Problem to work on:
Could you print the listing again exactly, omitting the pictures?

==== Collected data

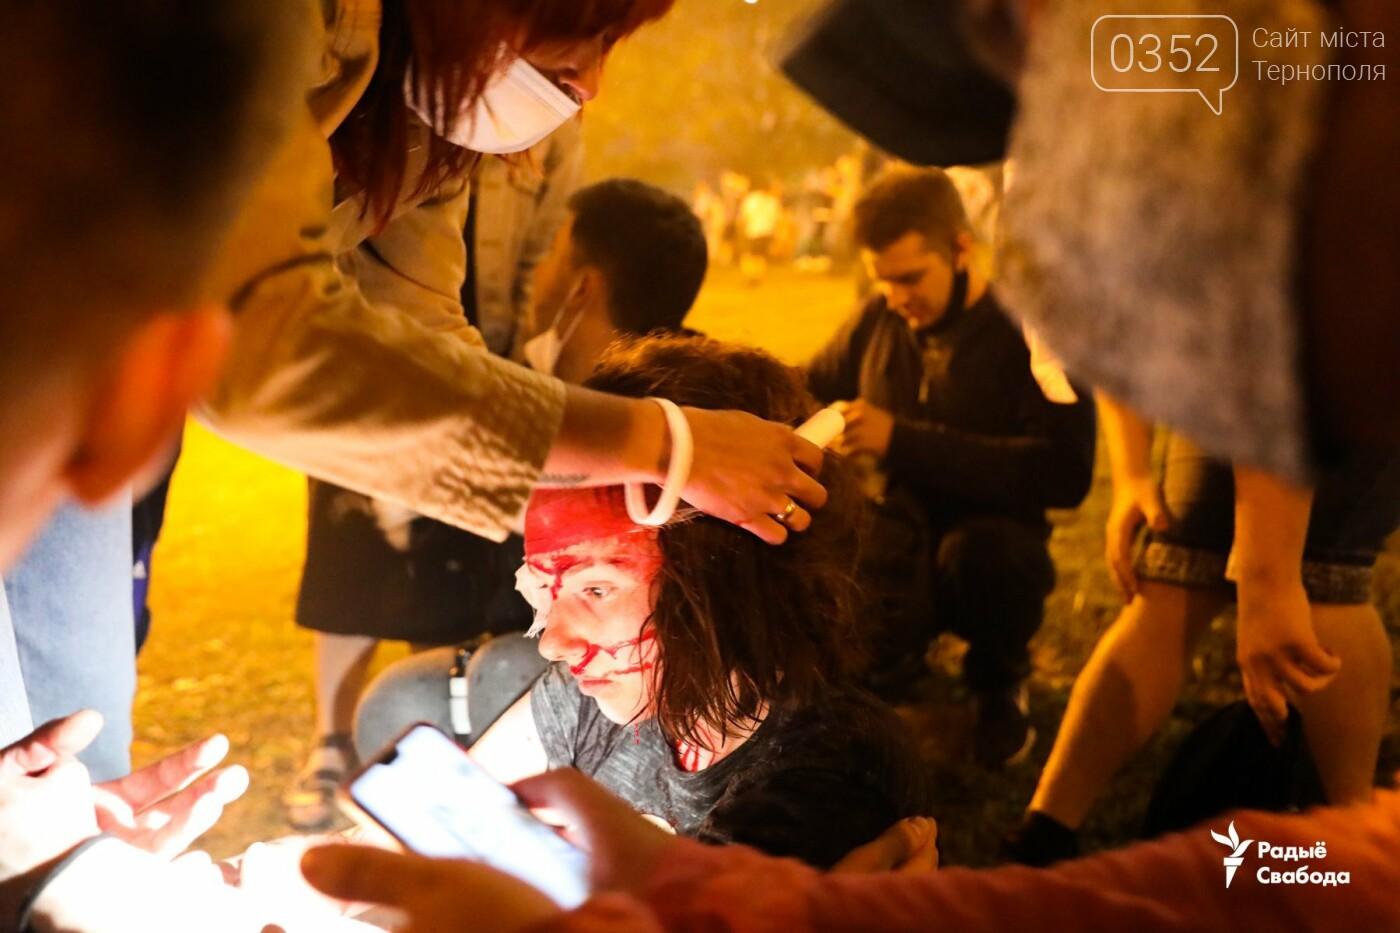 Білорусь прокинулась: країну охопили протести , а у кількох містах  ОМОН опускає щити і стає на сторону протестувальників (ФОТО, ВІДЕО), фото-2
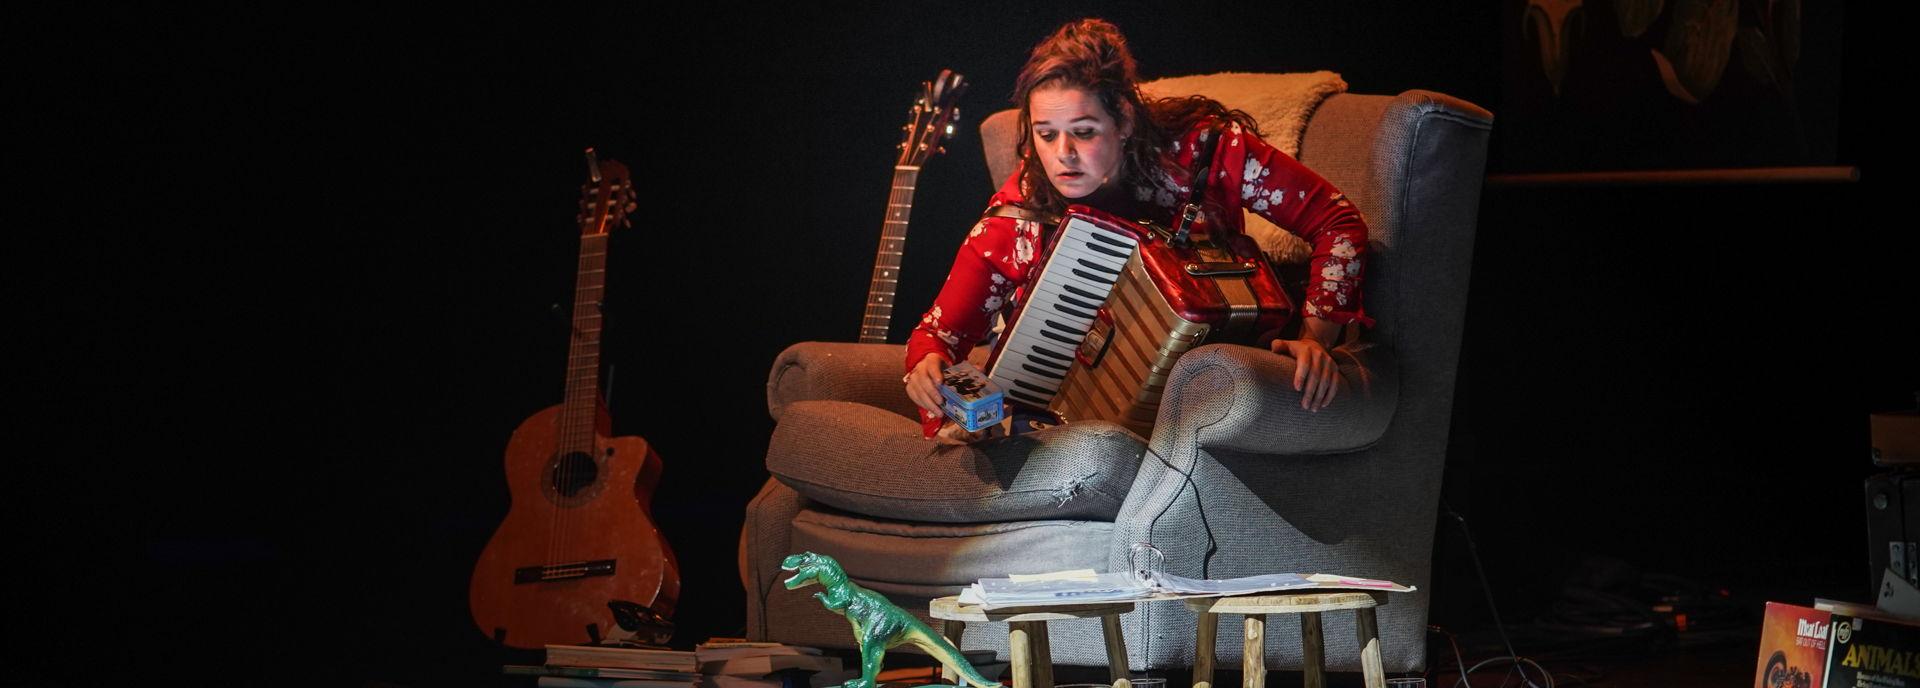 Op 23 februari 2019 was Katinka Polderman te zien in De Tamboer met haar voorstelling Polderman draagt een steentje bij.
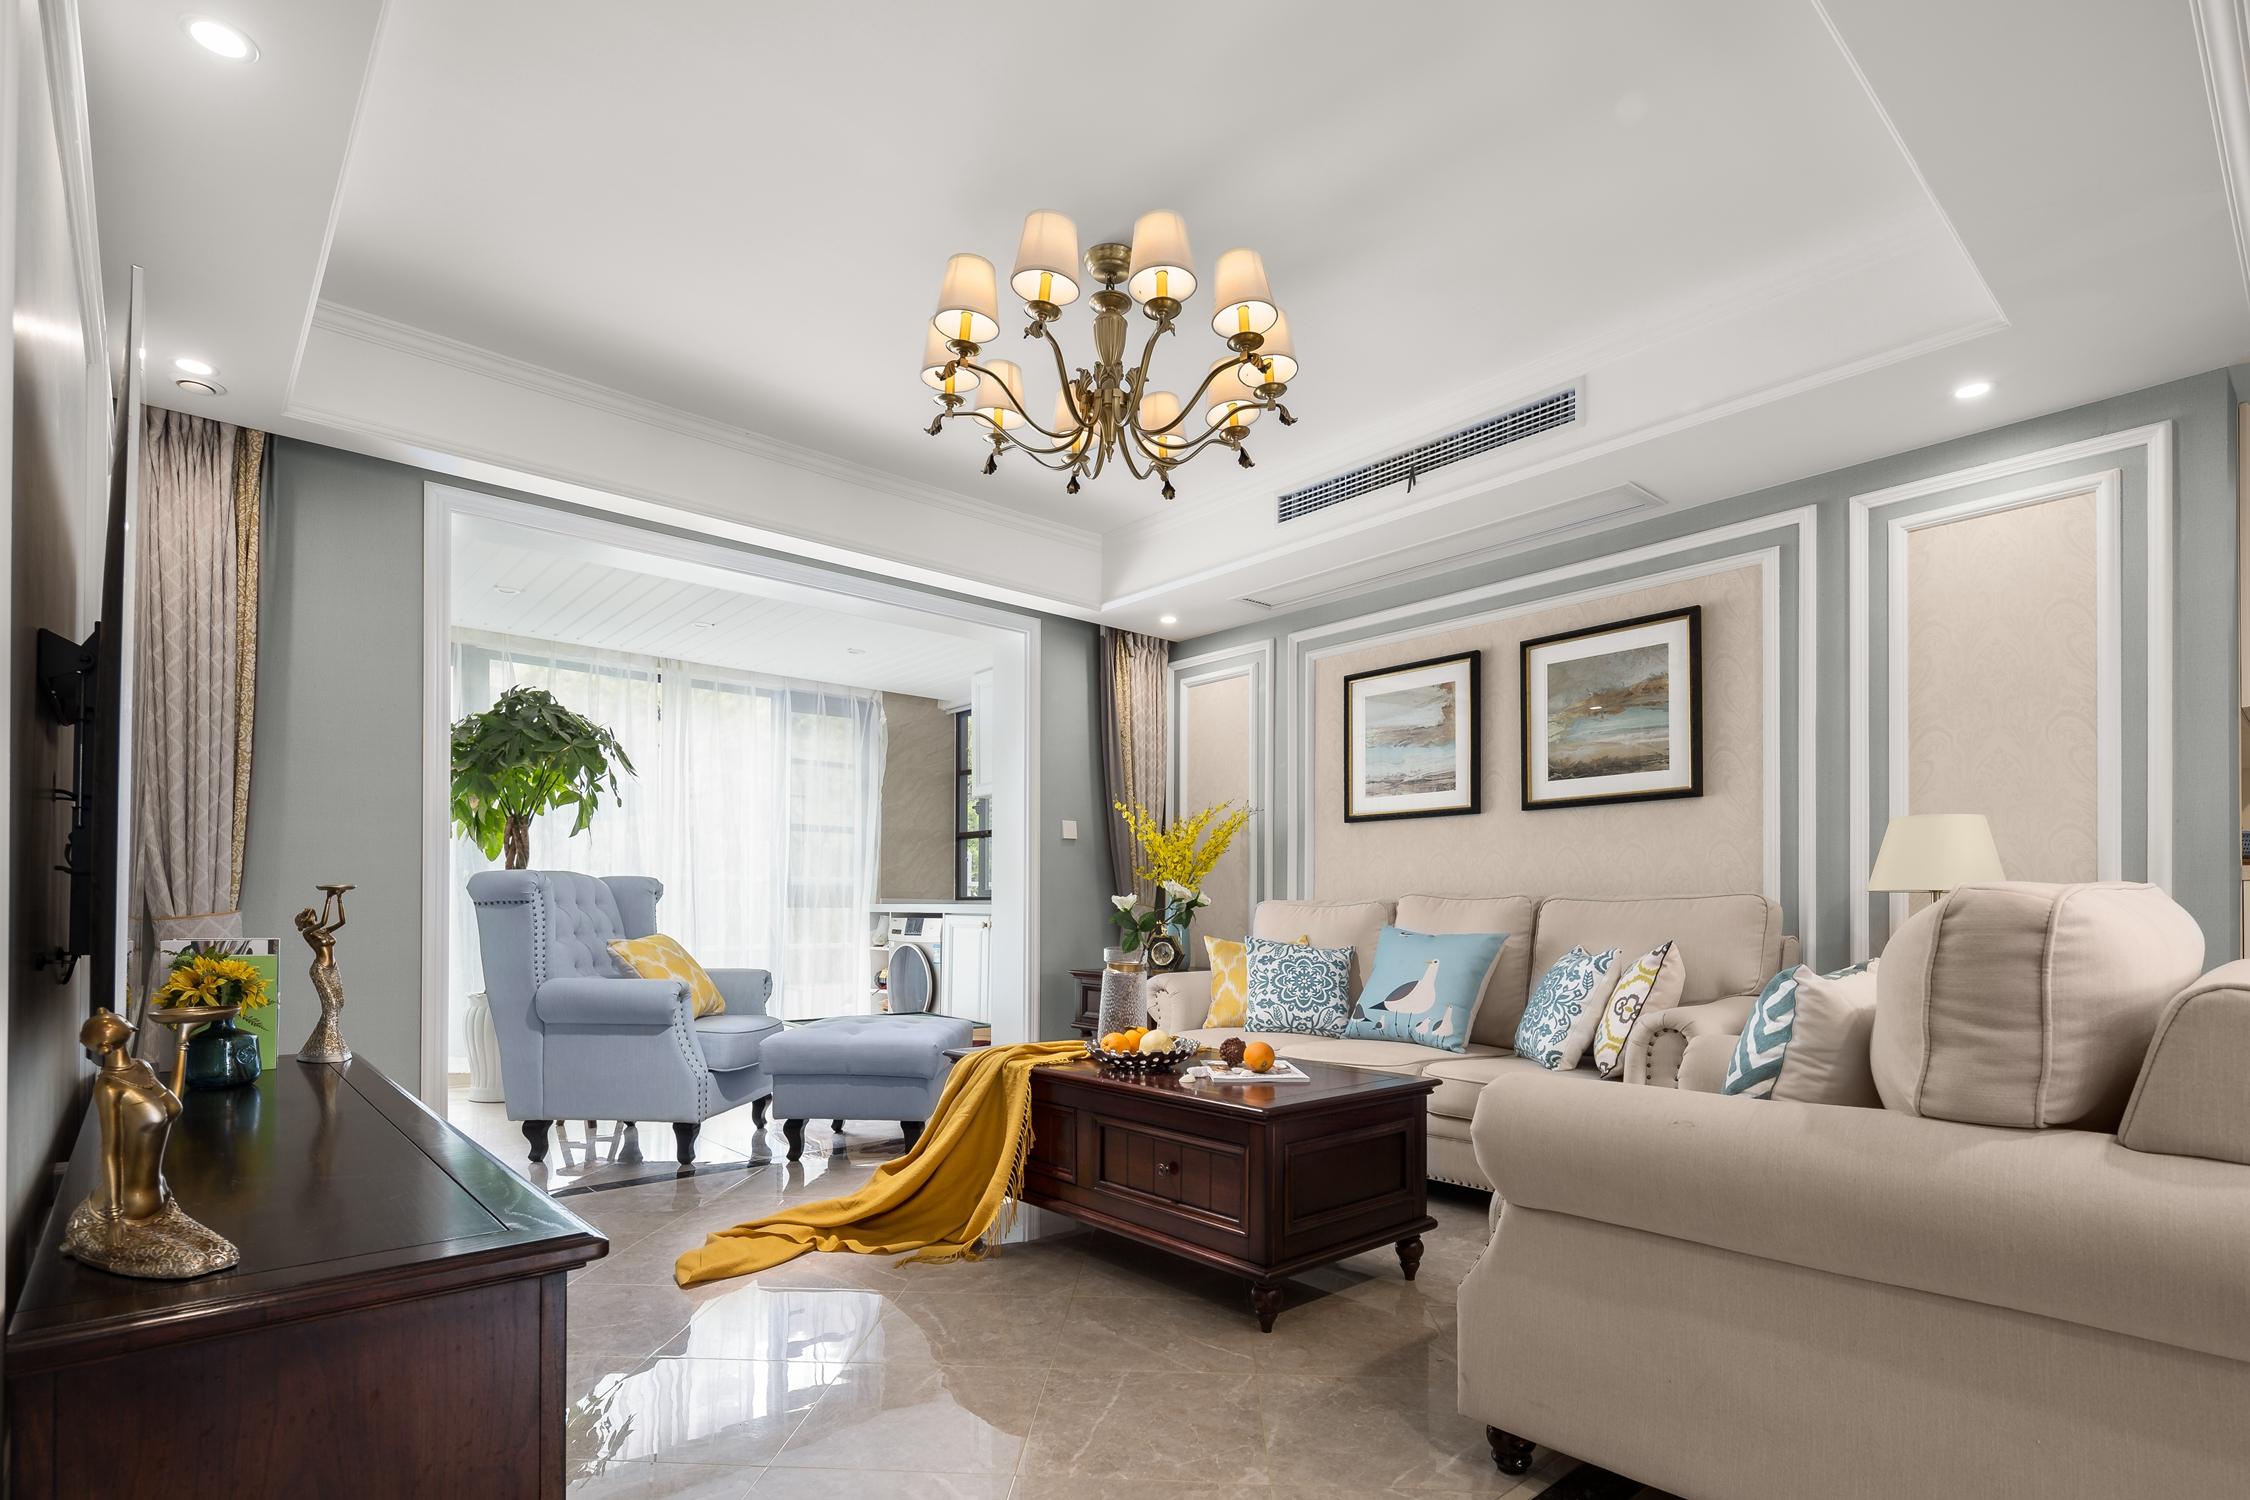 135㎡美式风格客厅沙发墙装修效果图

========

Output:
 Білорусь прокинулась: країну охопили протести , а у кількох містах  ОМОН опускає щити і стає на сторону протестувальників (ФОТО, ВІДЕО), фото-2
 Op 23 februari 2019 was Katinka Polderman te zien in De Tamboer met haar voorstelling Polderman draagt een steentje bij.
 135㎡美式风格客厅沙发墙装修效果图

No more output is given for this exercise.